Under the legislation which created the roles, a commissioner can only be suspended if he or she has been charged with an offence which carries a maximum jail sentence of more than two years.

In Bedfordshire Olly Martins has been suspended by Labour and could face criminal charges over the leak of confidential information about the death of a man in police custody.

Elsewhere “police tsars” have faced questions over their expenses and become caught up in disputes with chief constables. As they have struggled to raise their profile, it would be difficult for the most ardent supporters of the initiative to point to the differences that PCCs have made in their local areas.

Even Ms May has admitted that their early performance has been “good and bad” because reform is “always difficult and uncertain”

Bruised by the abject 15 per cent turnout in the first elections for commissioners in 2012, ministers insisted that support for the innovation would grow the longer they were in office.

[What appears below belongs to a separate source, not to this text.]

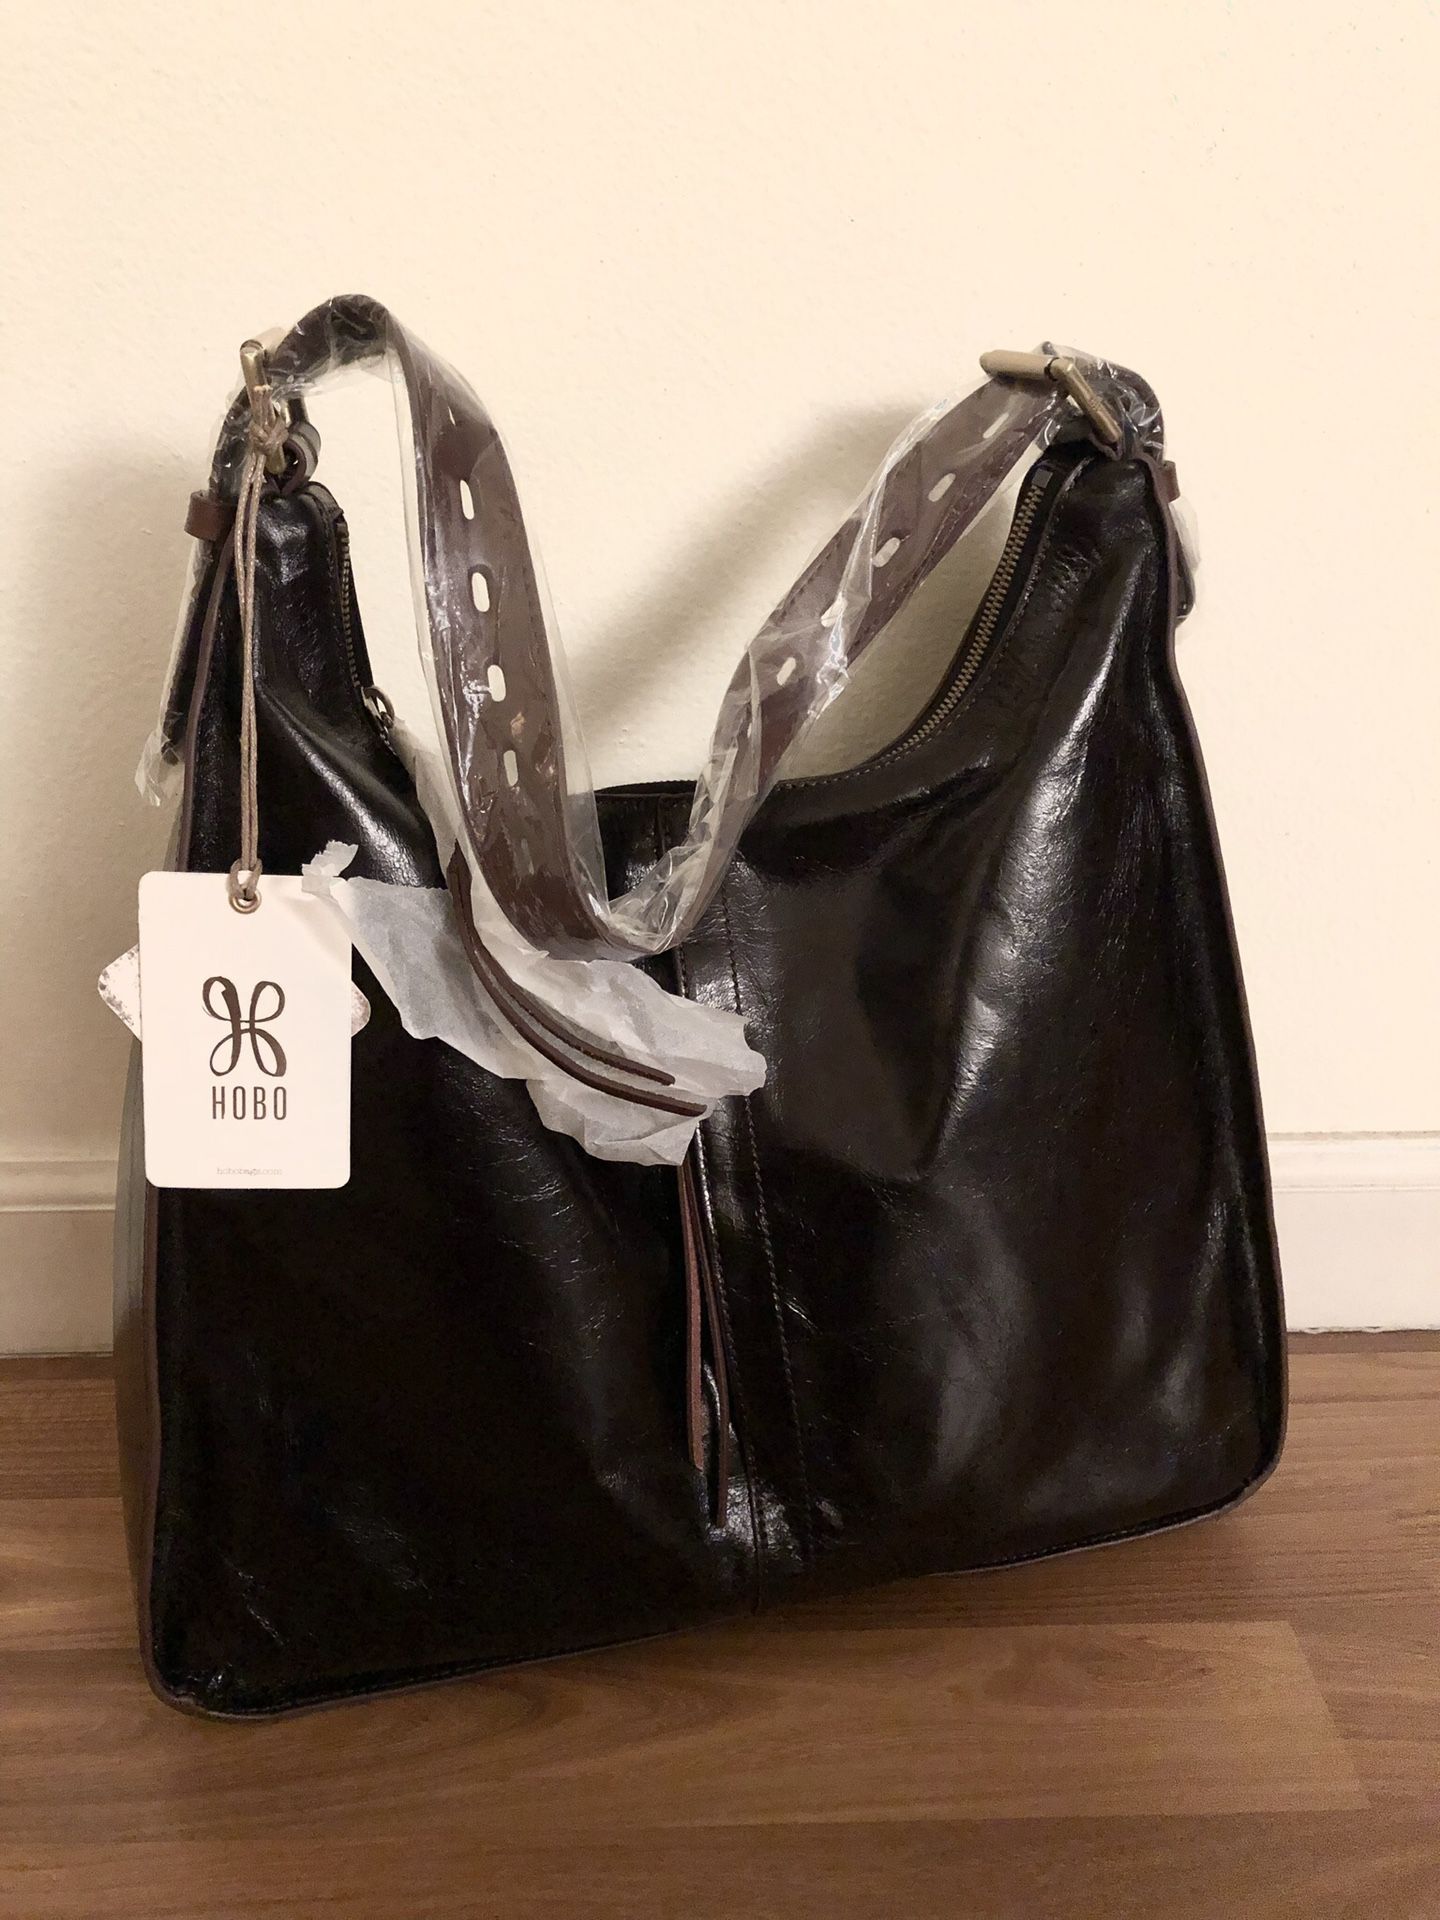 Hobo Original Black Leather Shoulder Bag Tote Handbag / Purse * NEW *
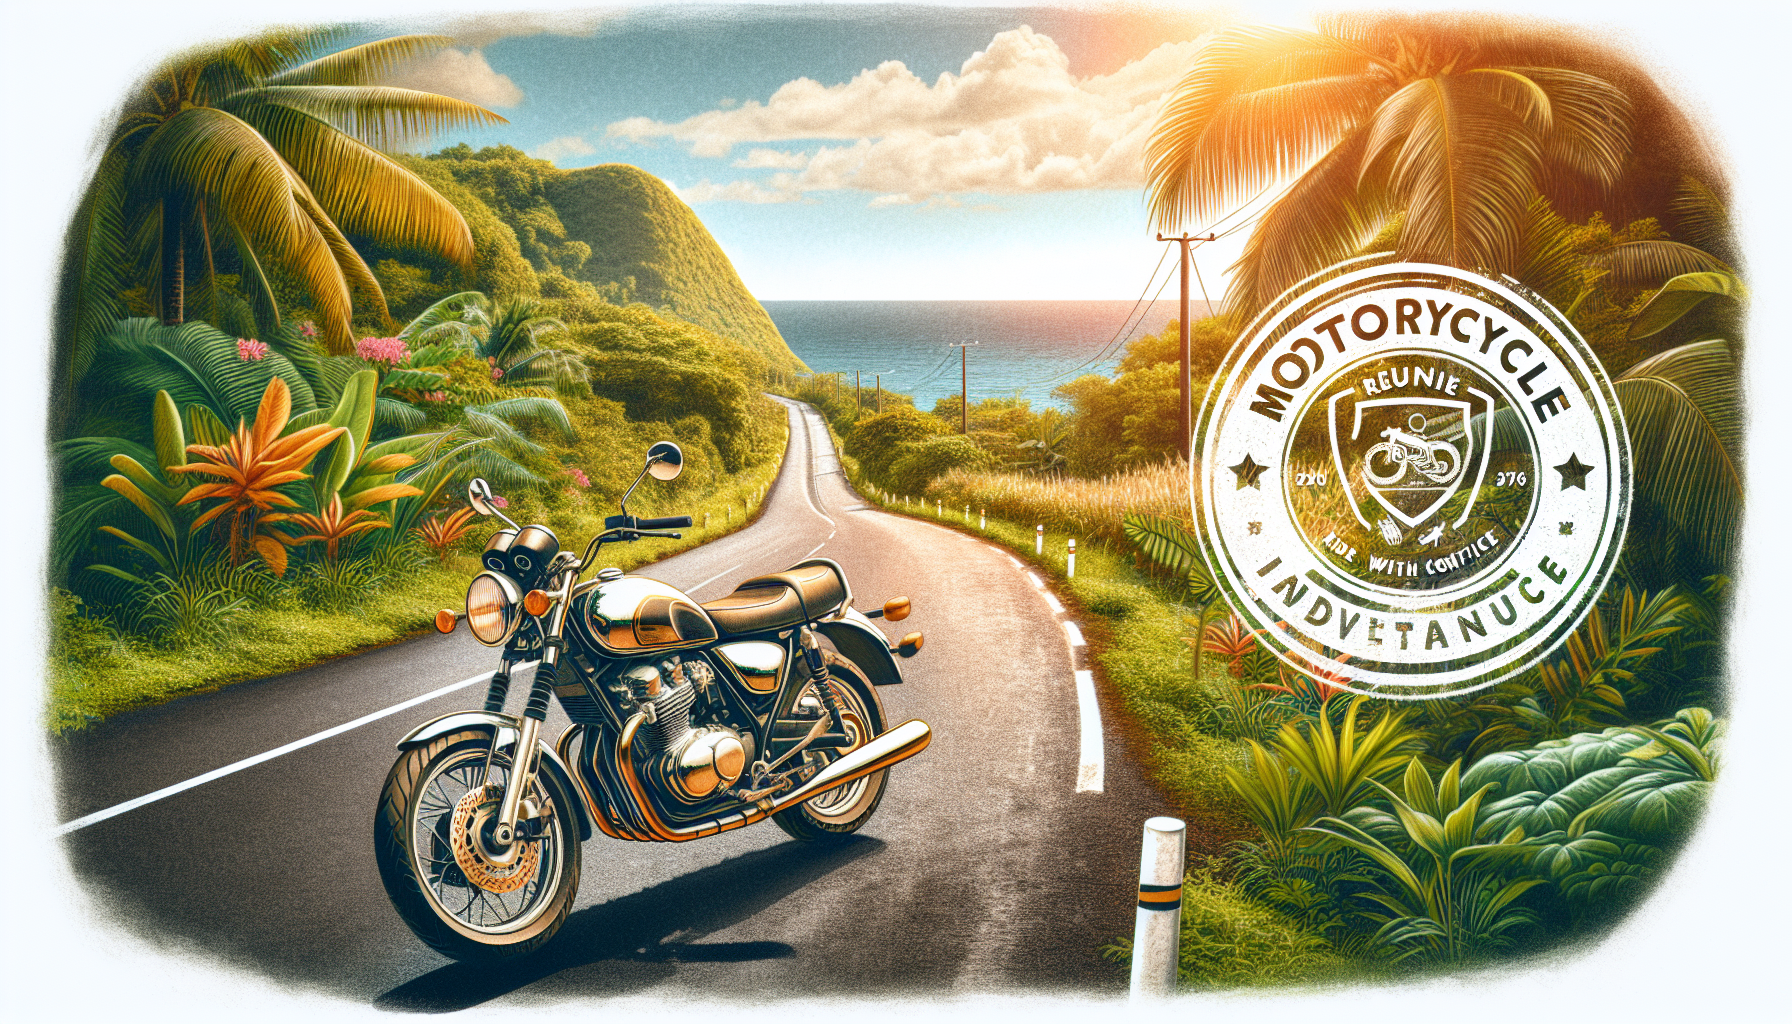 découvrez nos conseils pour choisir la meilleure assurance moto à la réunion et assurez votre sécurité sur les routes de l'île.

That optimism was undermined this month when just over one in 10 electors bothered to take part in a by-election to choose a new West Midlands PCC at a cost of £20 per vote. Ironically, it had been triggered by the death of Bob Jones, who had argued that his job should be scrapped.

The fact that the contest had to take place in the middle of the holiday season pointed to another flaw in the law. The next round of PCC elections is due to take place in 2016 alongside local council contests, which would improve the turnout figure. But whether they even take place is open to question.

Yvette Cooper, the shadow Home Secretary, has promised to reform the “flawed” system as part of a shake-up of policing. and it looks certain that commissioners will not remain in their current form if Labour wins the election.